### Data below:
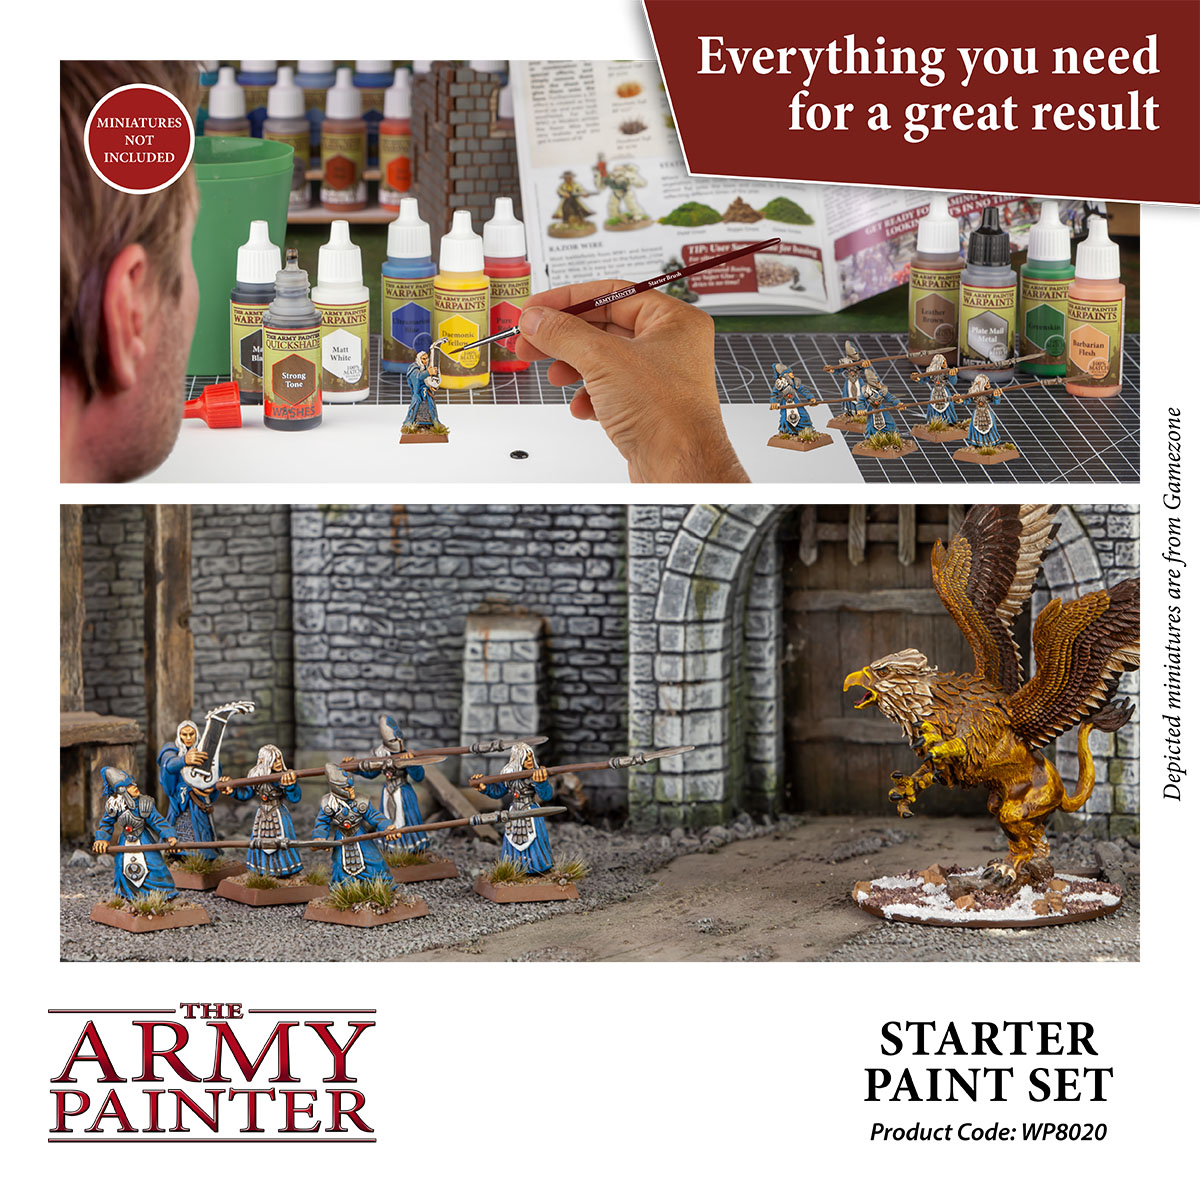 Armada Games - Army Painter Warpaints Hobby Starter Paint Set
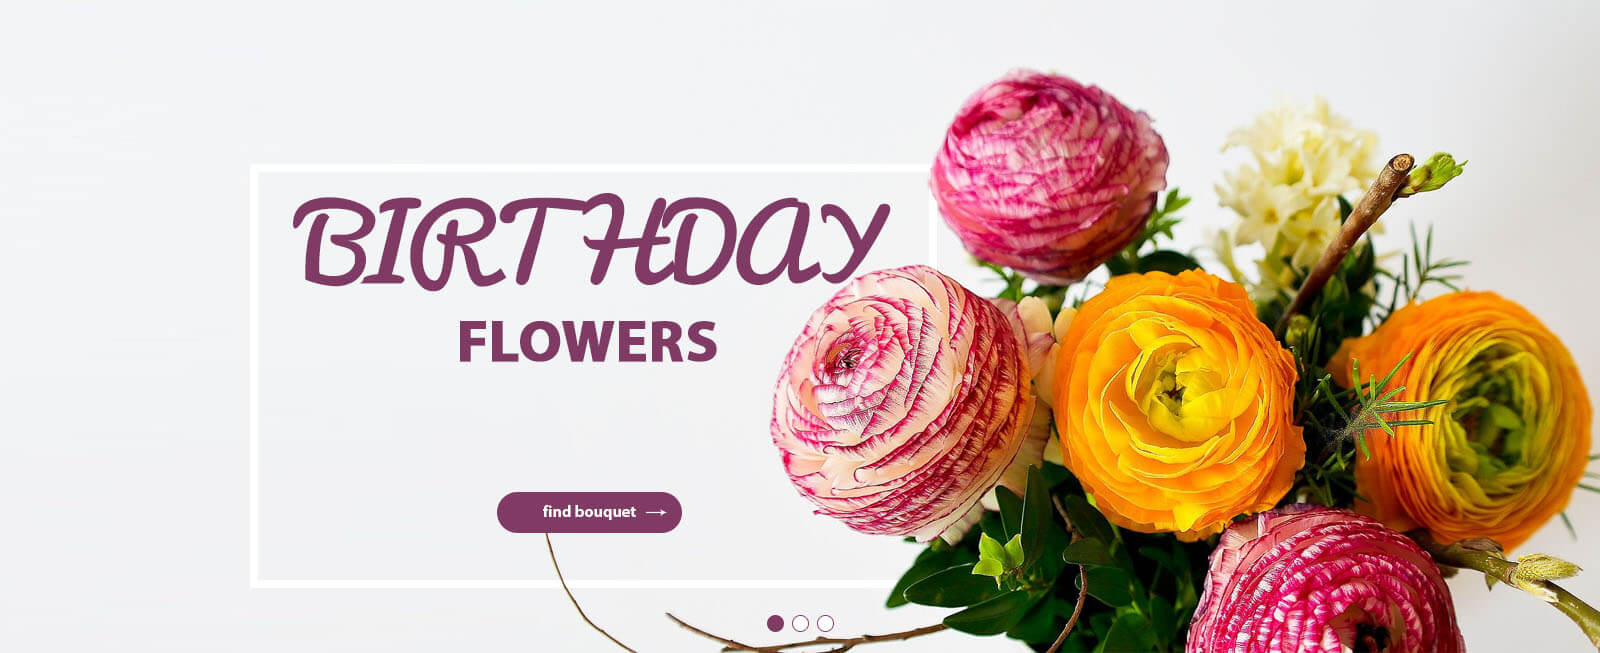 Send Birthday Flowers to Hammond Park
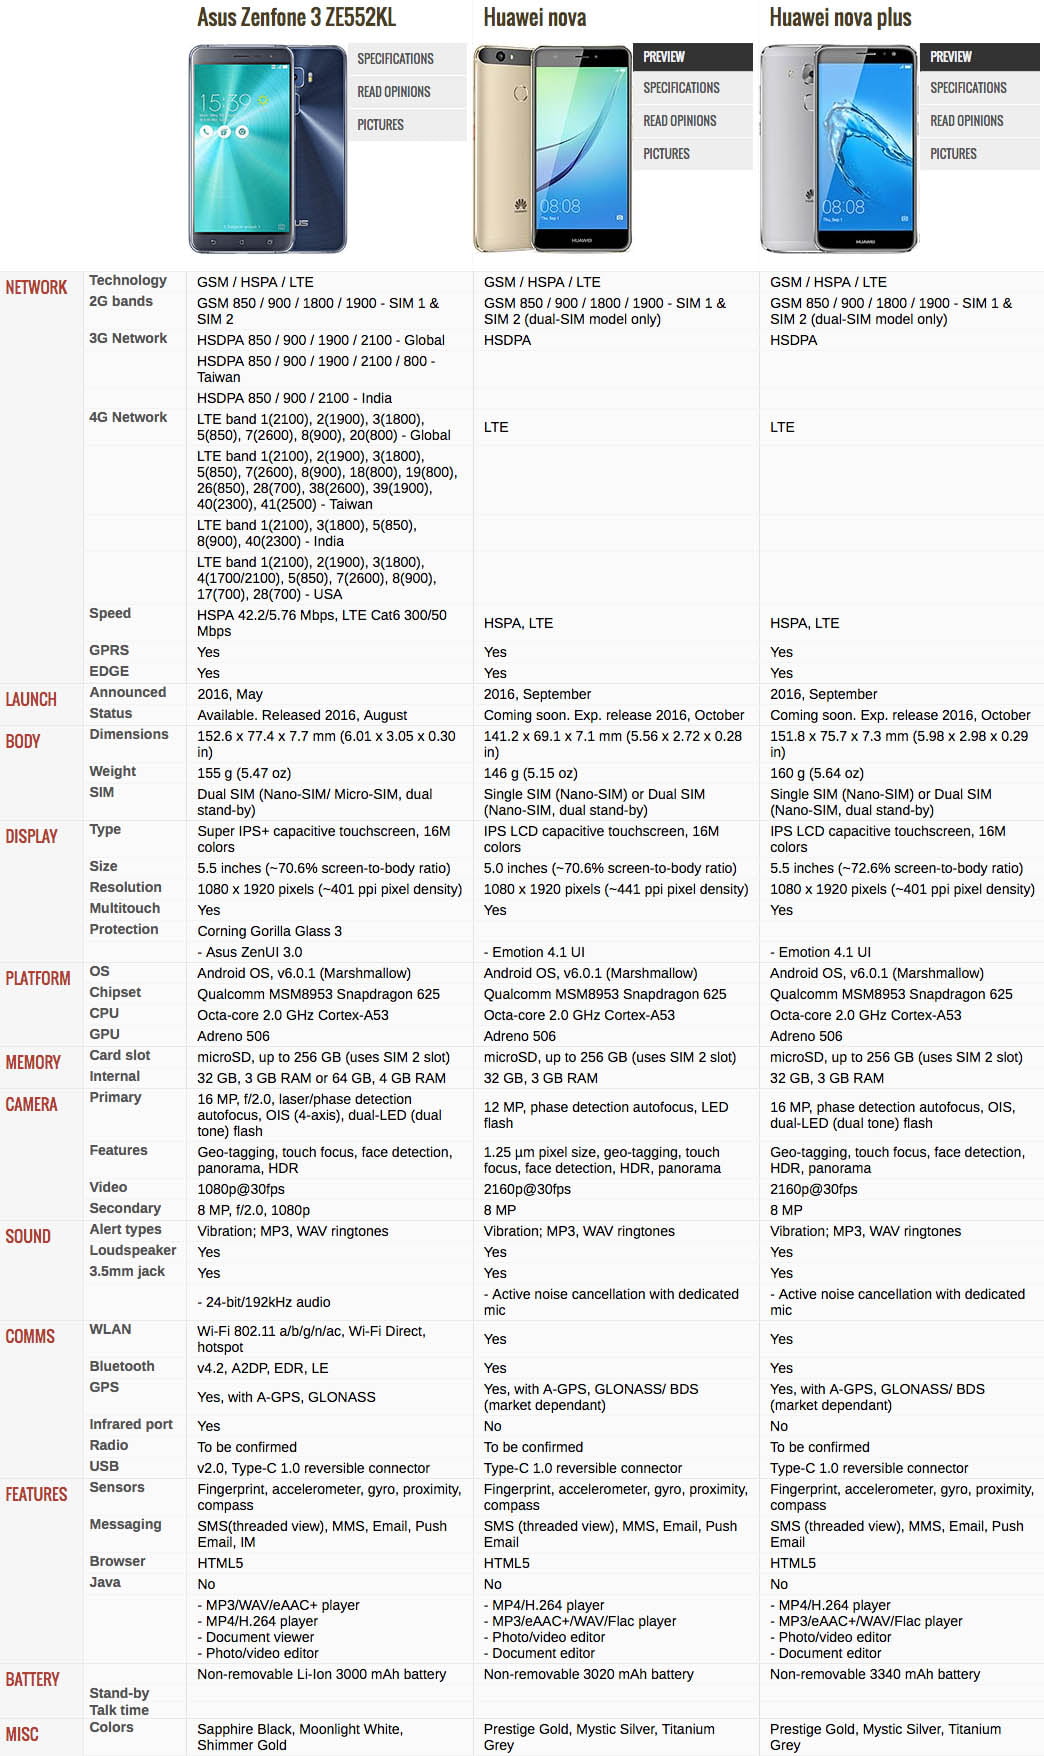 Specs comparison: ASUS Zenfone 3 (ZE552KL) vs. Huawei Nova vs. Huawei Nova Plus
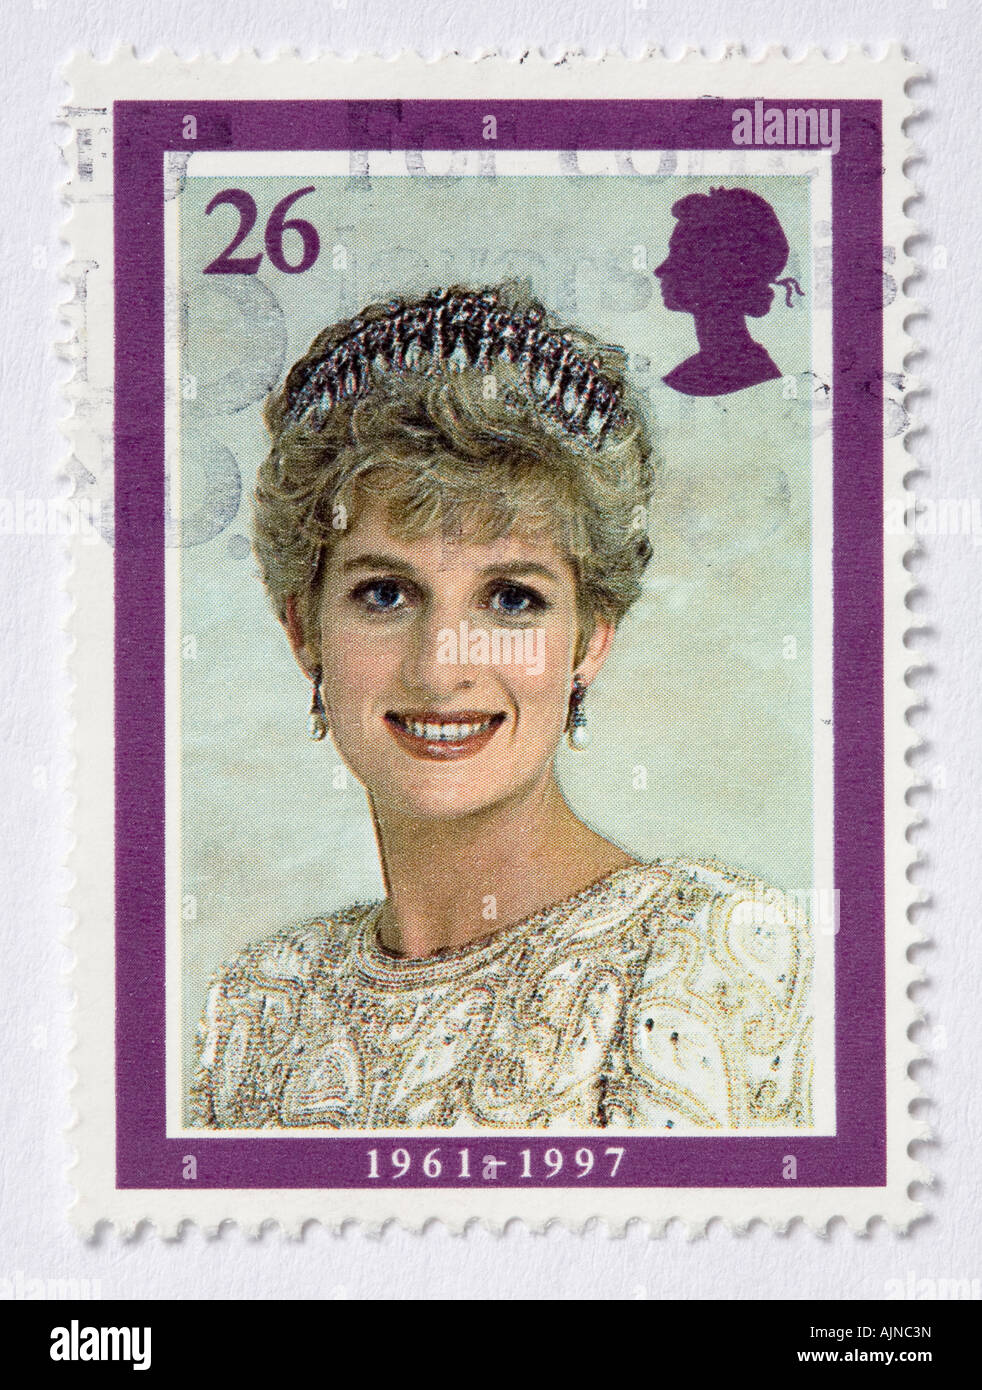 Princess diana stamp hi-res stock photography and images - Alamy

### Task:
Pictures aside, the material must be written out word for word.

### Solution to this exercise:
 Armada Games - Army Painter Warpaints Hobby Starter Paint Set
 Send Birthday Flowers to Hammond Park
 Specs comparison: ASUS Zenfone 3 (ZE552KL) vs. Huawei Nova vs. Huawei Nova Plus
 Princess diana stamp hi-res stock photography and images - Alamy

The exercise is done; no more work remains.